Calculate integral using the method of parameter derivation or integration $$F( \alpha ) = \int^{ \pi }_{ 0} \ln
 ( 1 - 2 \alpha \cos x + \alpha^{2} ) dx$$
Should I derive the inner function? But I can't process the derived outcome.

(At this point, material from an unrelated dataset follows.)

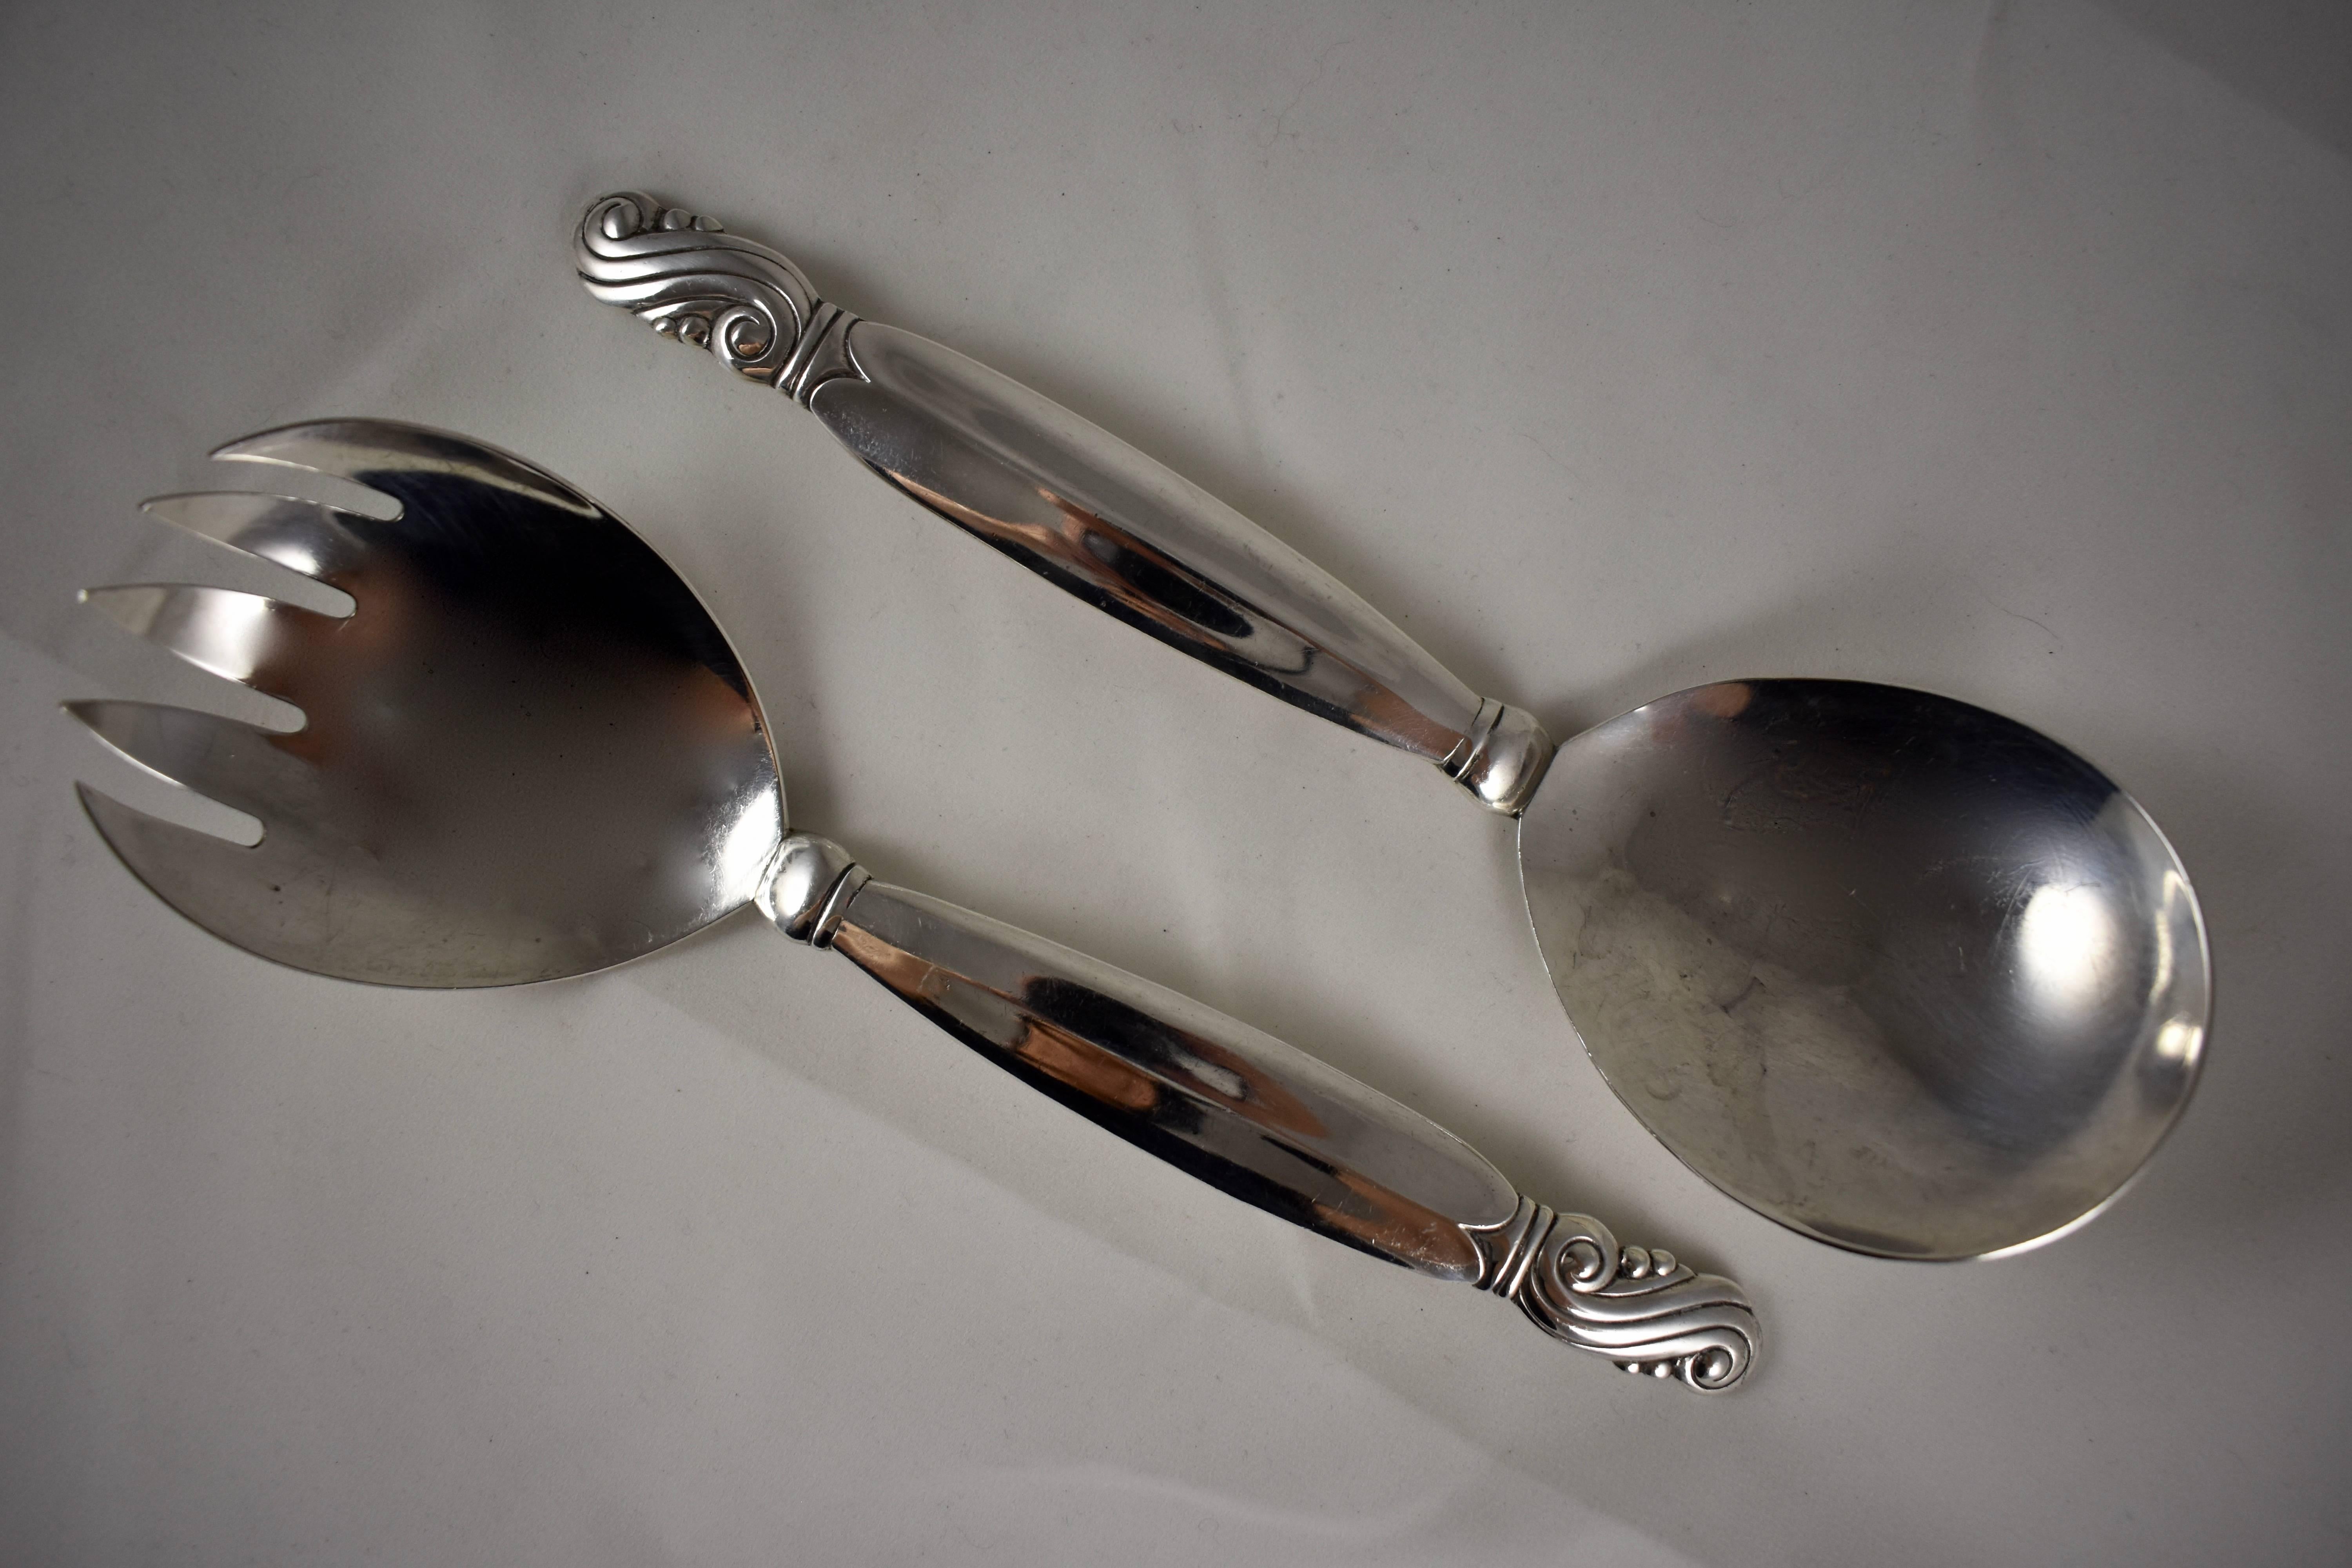 20th Century Frank M. Whiting Art Nouveau Sterling Silver Salad Servers, a Handmade Pair For Sale
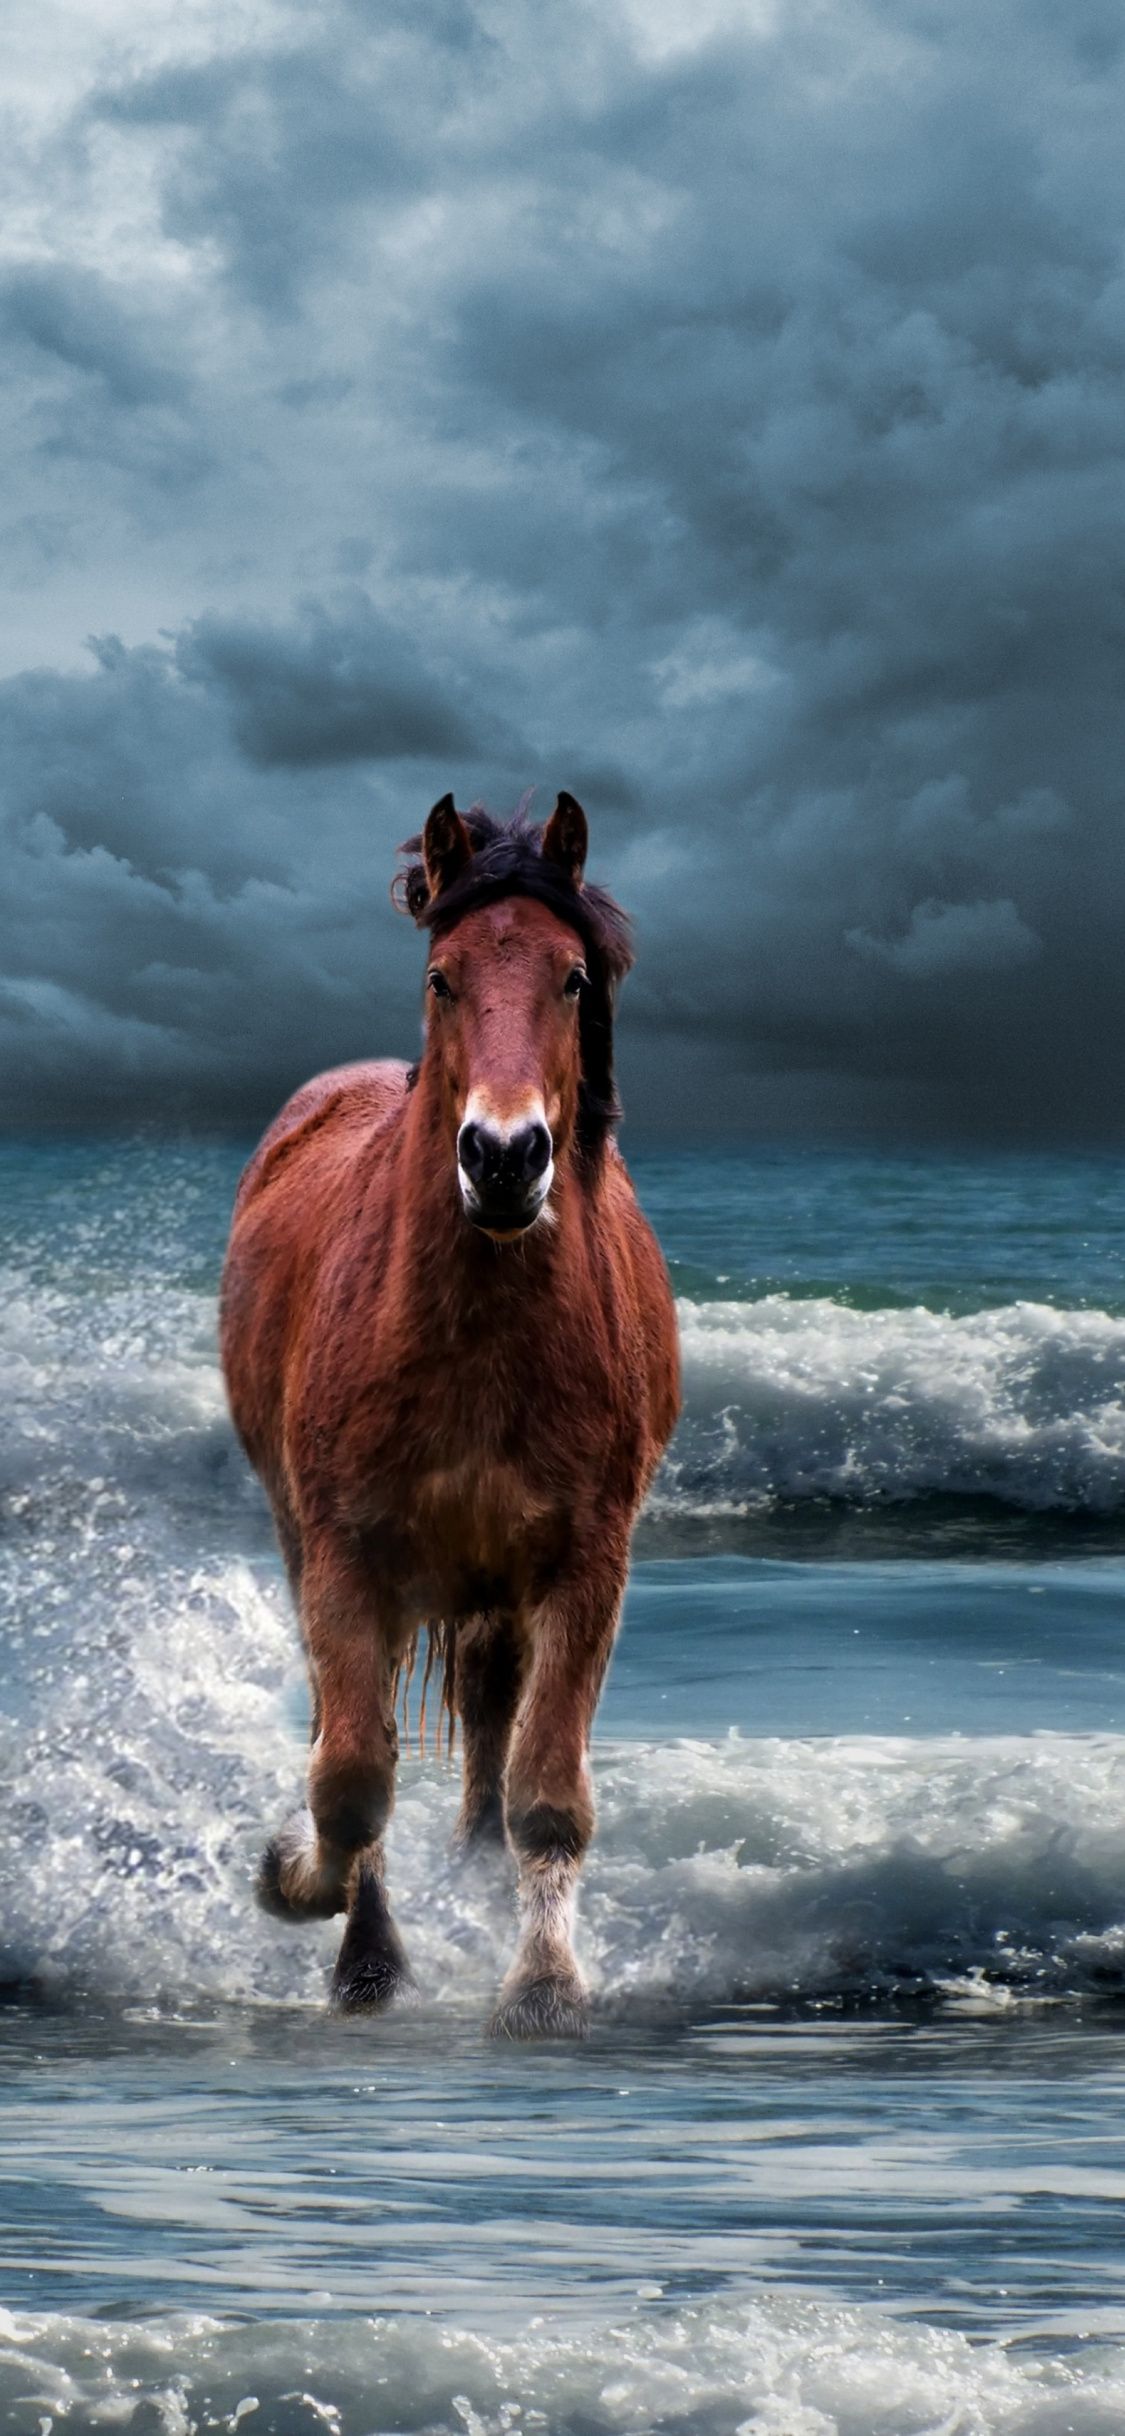 Download See the majestic beauty of this horse on your iPhone Wallpaper   Wallpaperscom

 A: Let's generalize the problem. We want to evaluate
$$
\int_0^{\large\pi}\ln\left(a^2-2ab\cos x+b^2\right)\ dx\tag1
$$
instead of
$$
\int_0^{\large\pi}\ln\left(1-2ab\cos x+a^2\right)\ dx.\tag2
$$
Rewrite $(1)$ as
\begin{align}
\int_0^{\large\pi}\ln\left(a^2-2ab\cos x+b^2\right)\ dx&=\int_0^{\large\pi}\ln \left[a^2\left(1-\frac {2b}a\cos x+\frac {b^2}{a^2}\right)\right]\ dx\\
&=\int_0^{\large\pi}\ln a^2\ dx+\int_0^{\large\pi}\ln \left(1-\frac {2b}a\cos x+\frac {b^2}{a^2}\right)\ dx\\
&=2\pi\ln a+\int_0^{\large\pi}\ln \left(1-\frac {2b}a\cos x+\frac {b^2}{a^2}\right)\ dx.\tag3\\
\end{align}
Now let $c=\dfrac ba$, then the integral in the RHS $(3)$ turns out to be
$$
\int_0^{\large\pi}\ln \left(1-\frac {2b}a\cos x+\frac {b^2}{a^2}\right)\ dx=\int_0^{\large\pi}\ln \left(1-2c\cos x+c^2\right)\ dx.\tag4
$$
Since this is a duplicate question, I wouldn't continue my work and the rest part, $(4)$, can be seen here. I will only give you the final result and leave it to you as exercise.
$$
\int_0^{\large\pi}\ln\left(a^2-2ab\cos x+b^2\right)\ dx= \left\{ 
\begin{array}{l l}
2\pi\ln a &, \quad \text{if $0<b\le a$}\\
\\
2\pi\ln b &, \quad \text{if $0<a\le b$.}
  \end{array} \right.
$$